**Exercise:** Lines from the one with "Earlier this year, our" up to and including the one with "What is interesting" are to be copied exactly from the records below, without their pictures.

**Given entries:**
[Start of Attachment]

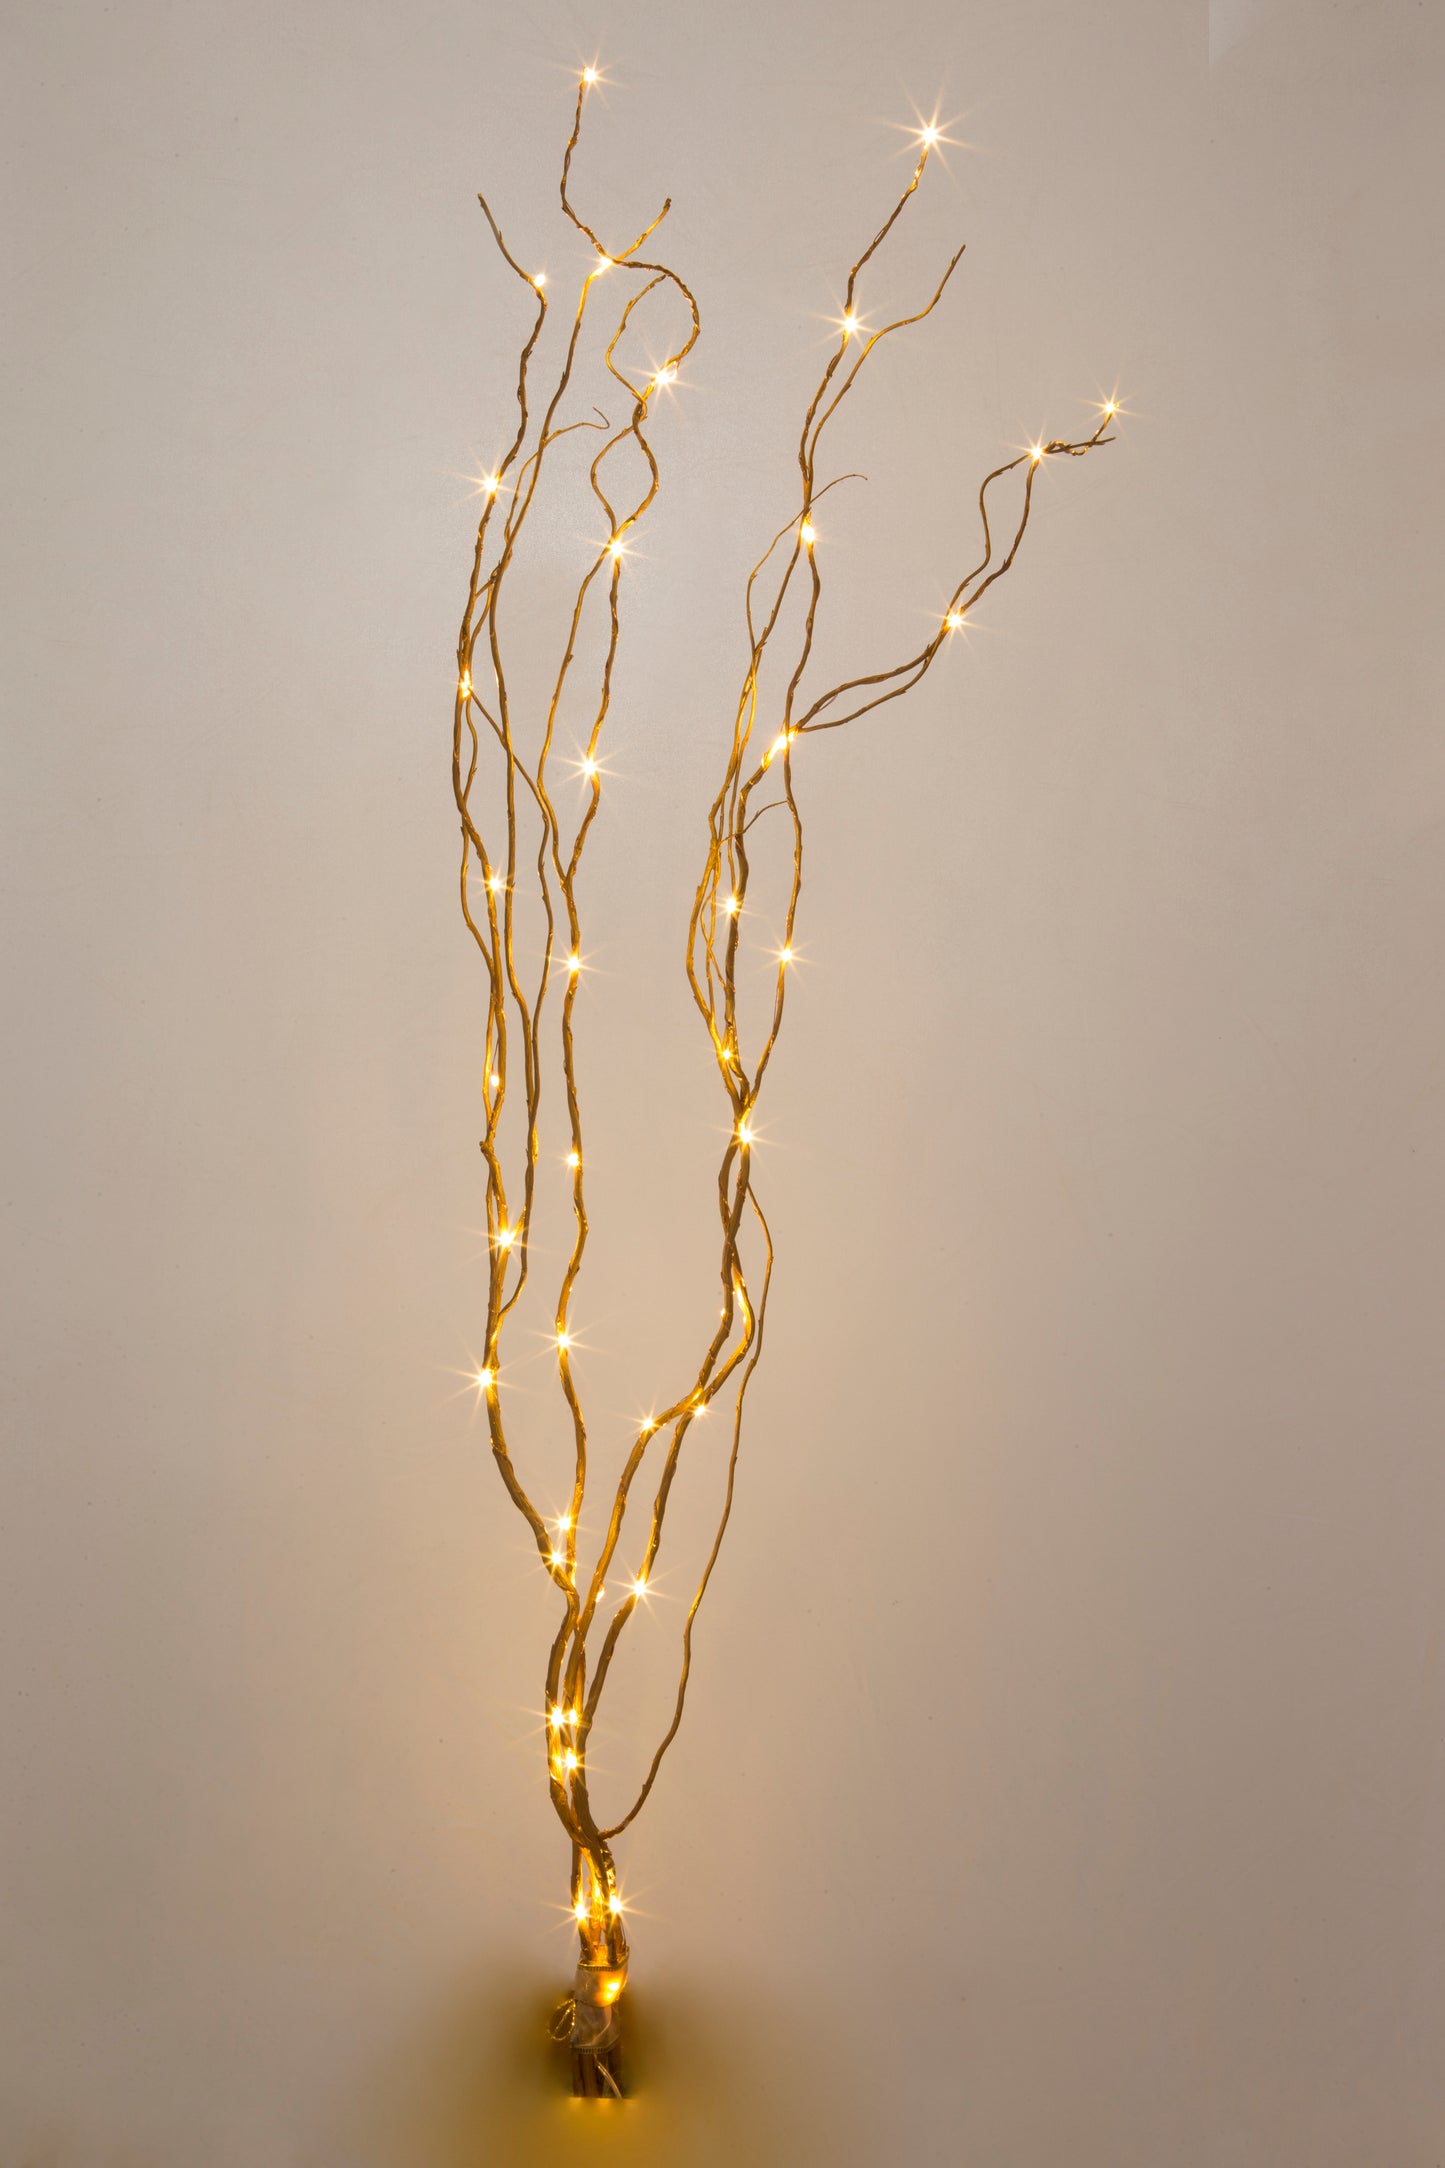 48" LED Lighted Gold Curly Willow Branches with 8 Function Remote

[End of Attachment]
[Start of Attachment]

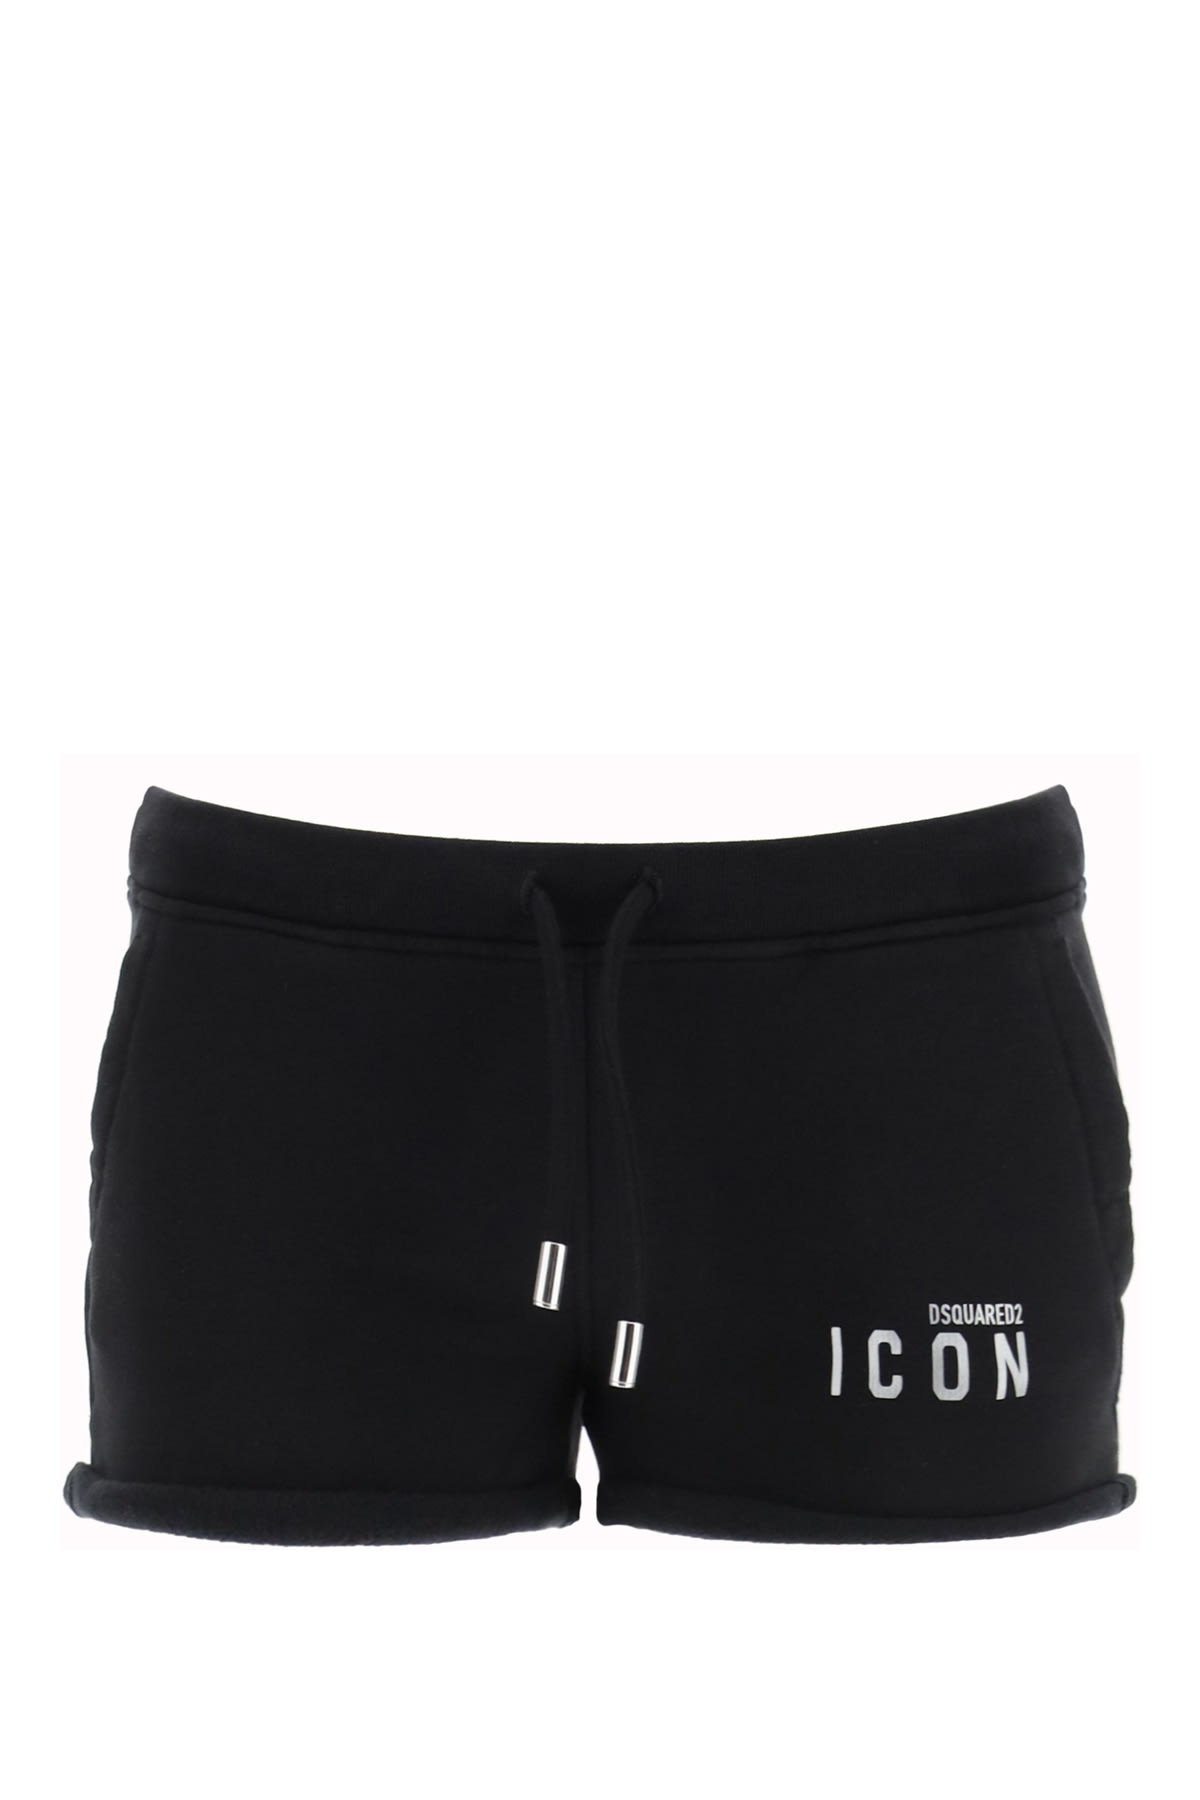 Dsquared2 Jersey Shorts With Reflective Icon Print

[End of Attachment]
[Start of Attachment]

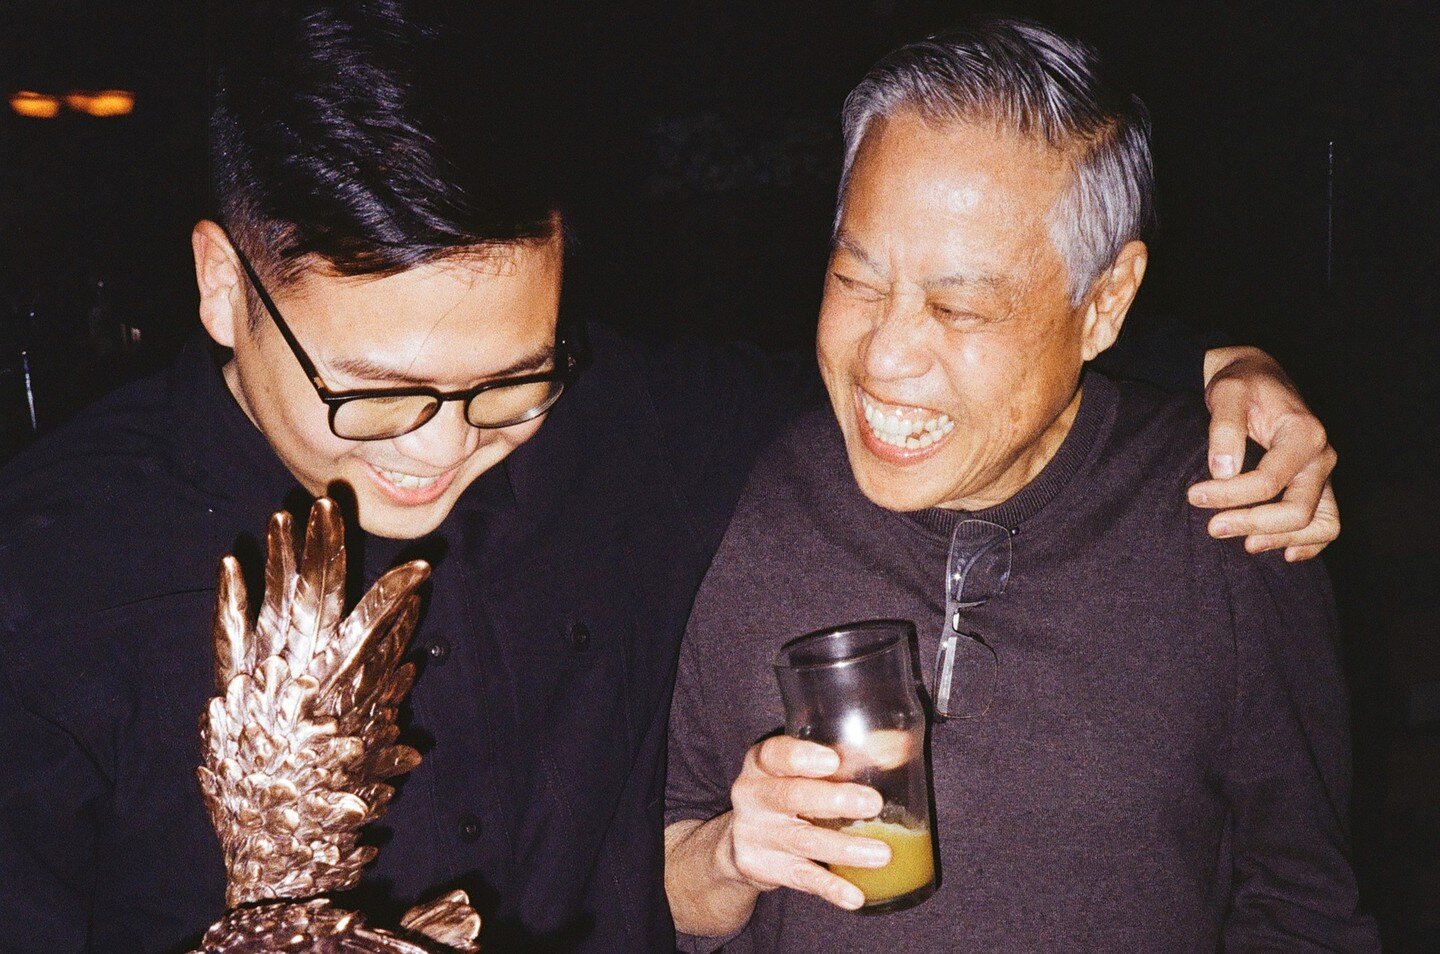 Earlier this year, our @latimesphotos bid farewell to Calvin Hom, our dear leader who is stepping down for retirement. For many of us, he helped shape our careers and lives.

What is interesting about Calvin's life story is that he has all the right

[End of Attachment]

**Expected answer:**
 Earlier this year, our @latimesphotos bid farewell to Calvin Hom, our dear leader who is stepping down for retirement. For many of us, he helped shape our careers and lives.

What is interesting about Calvin's life story is that he has all the right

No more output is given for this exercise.